El maleficio de las mascotas

Xiaomei rompe a llorar. Sus padres intentan consolar a la pequeña, pero no hay manera de que suelte la pierna del padre. En su rostro se refleja el terror. Curiosamente, quien le provoca miedo no deja de sonreír y de caminar con movimientos torpes pero joviales, los brazos bien abiertos. Se llama Nini, es verde y de la cabeza le sale una golondrina de colores. Pero no es el pájaro lo que asusta a la niña, que le grita «`wuwa, wuwa!», literalmente muñeco embrujado. La voluntaria de camiseta azul que acompaña a Nini se acerca a Xiaomei con una tierna sonrisa y le corrige: «No wuwa; fuwa, fuwa». Es el nombre oficial de las cinco mascotas de Pekín 2008, cuyo significado se traduce como 'muñeco amistoso'. A Xiaomei no le convence el nombre, y tiene razones para ello.
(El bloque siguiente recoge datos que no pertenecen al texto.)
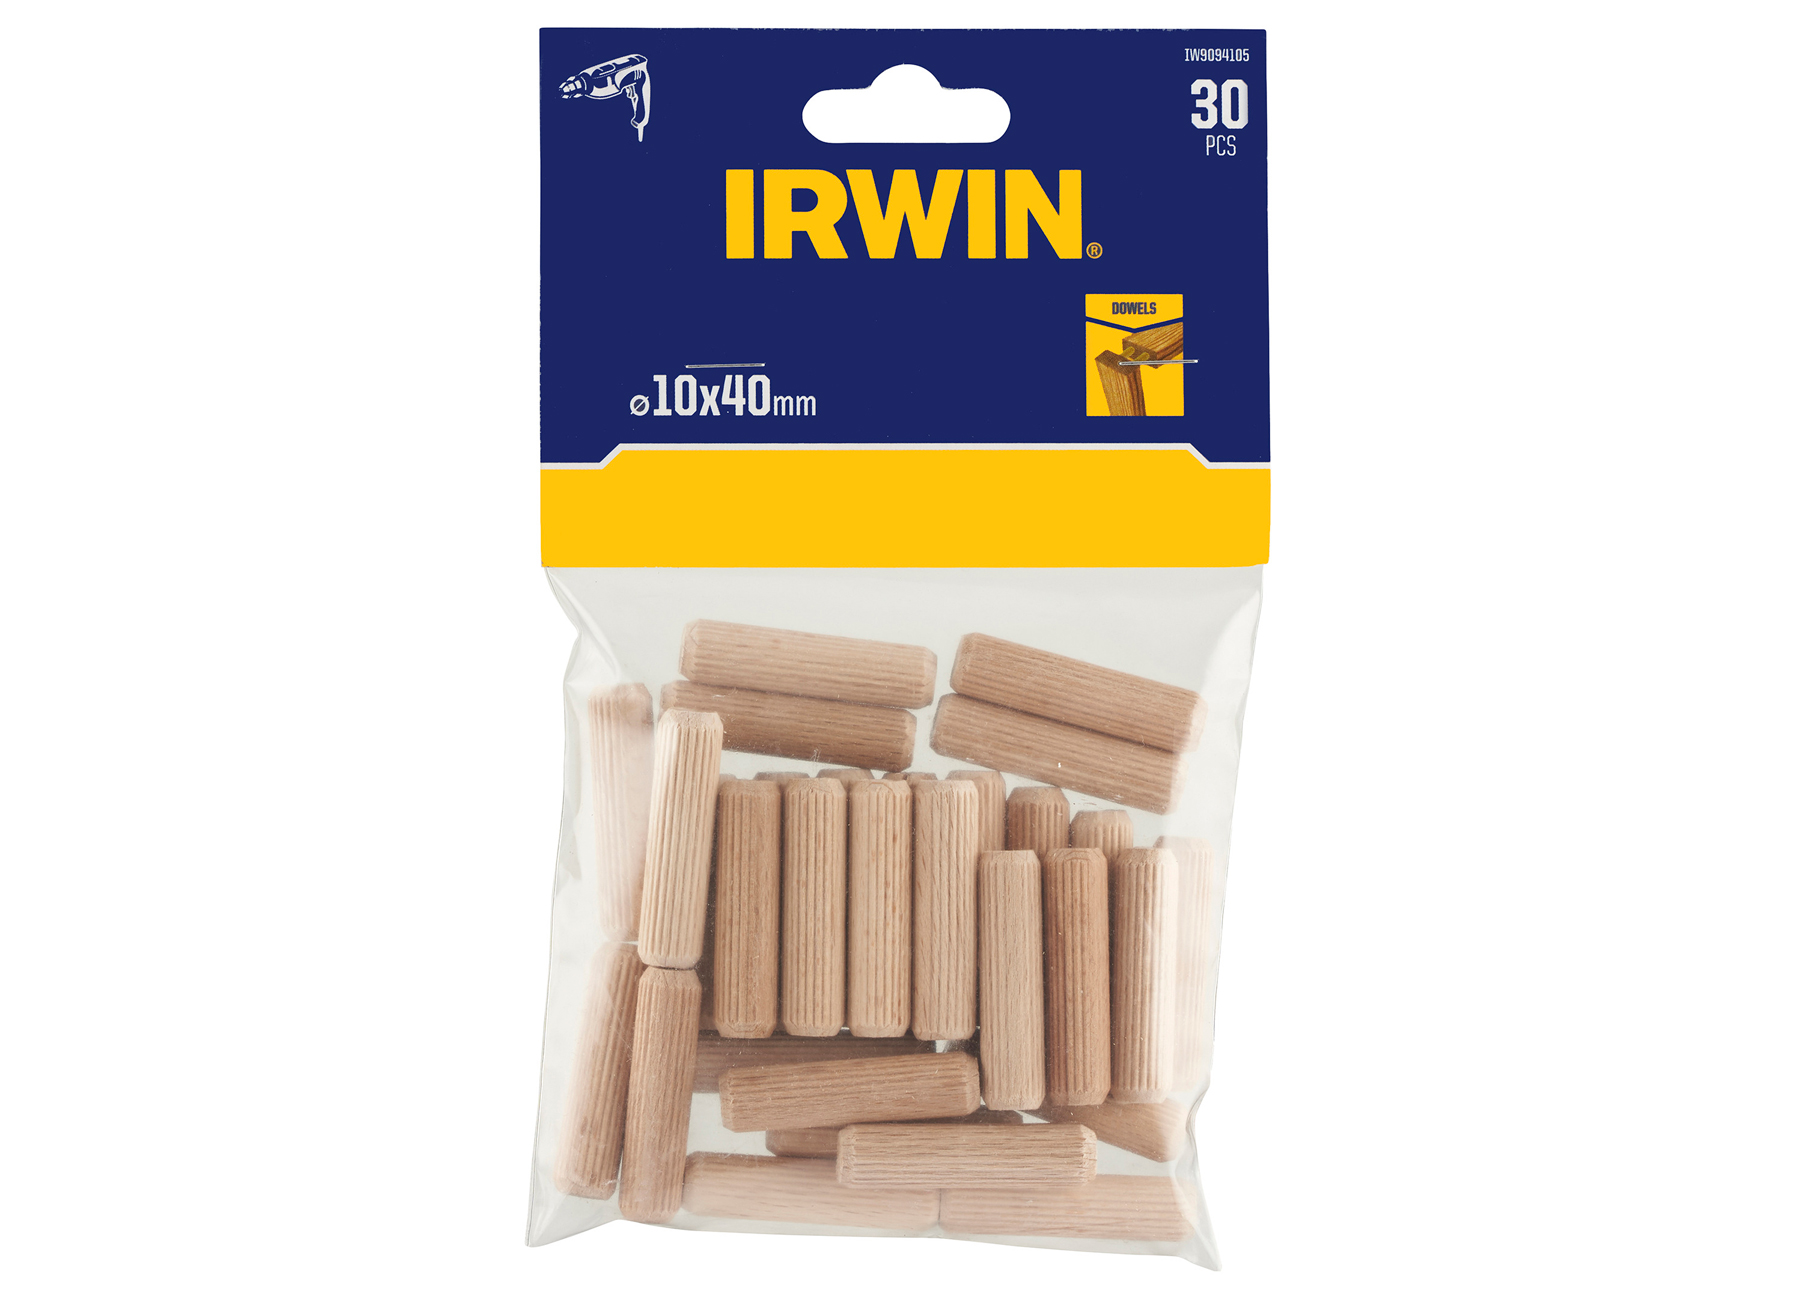 IRWIN TOURILLONS Ø10MM 40MM 30 PIECES

Los acontecimientos de la primera mitad del año han llevado a la población a creer que los cinco divertidos muñecos están gafados.
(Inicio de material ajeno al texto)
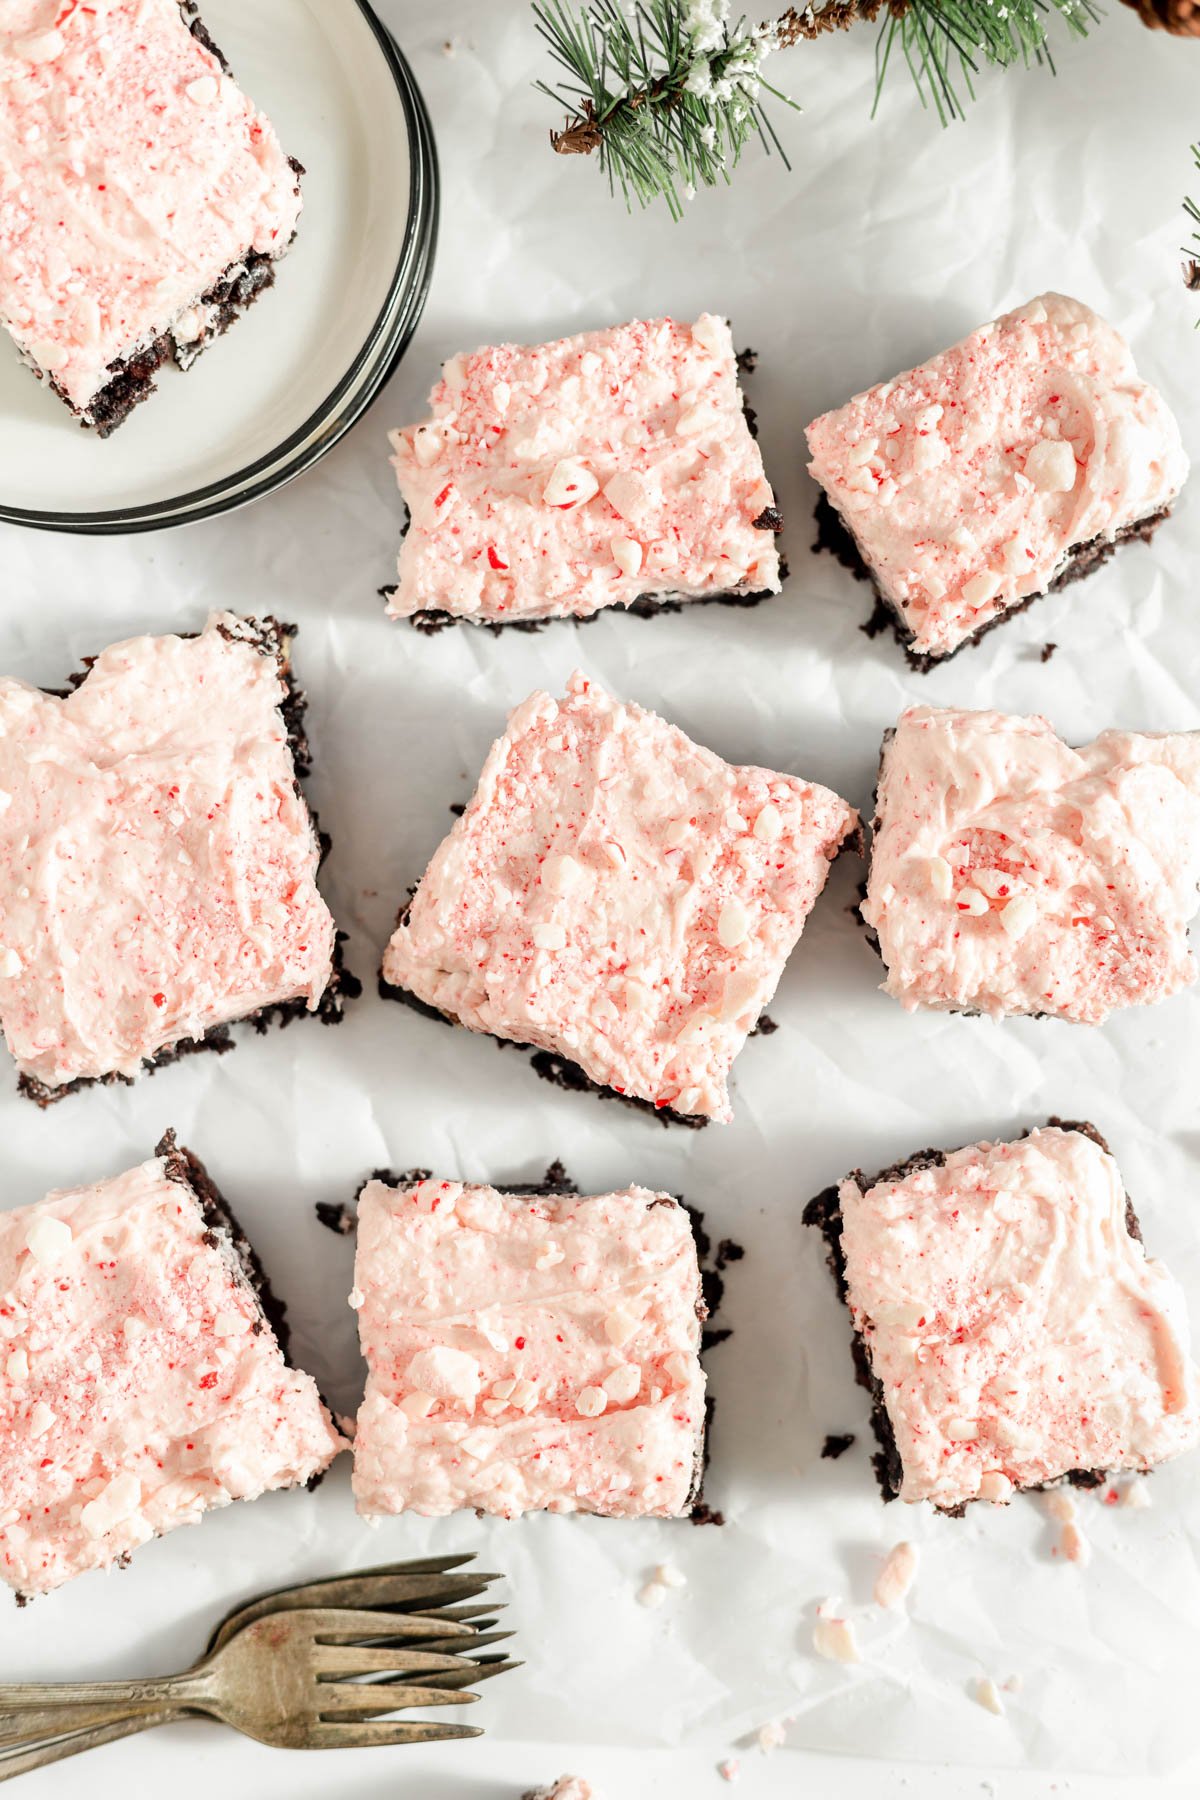 An image of brownies frosted with peppermint frosting with forks next to them.

Hay teorías para todos los gustos, pero la más extendida es la que une características de cada mascota a alguno de los acontecimientos trágicos que han devastado al país o que han dañado su imagen. La peor parte se la lleva Jingjing, el oso panda de los 'fuwa', representante de los deportes de fuerza y, según muchos, culpable del terremoto que en mayo dejó 70.000 muertos en la provincia de Sichuán, de donde es originario este animal.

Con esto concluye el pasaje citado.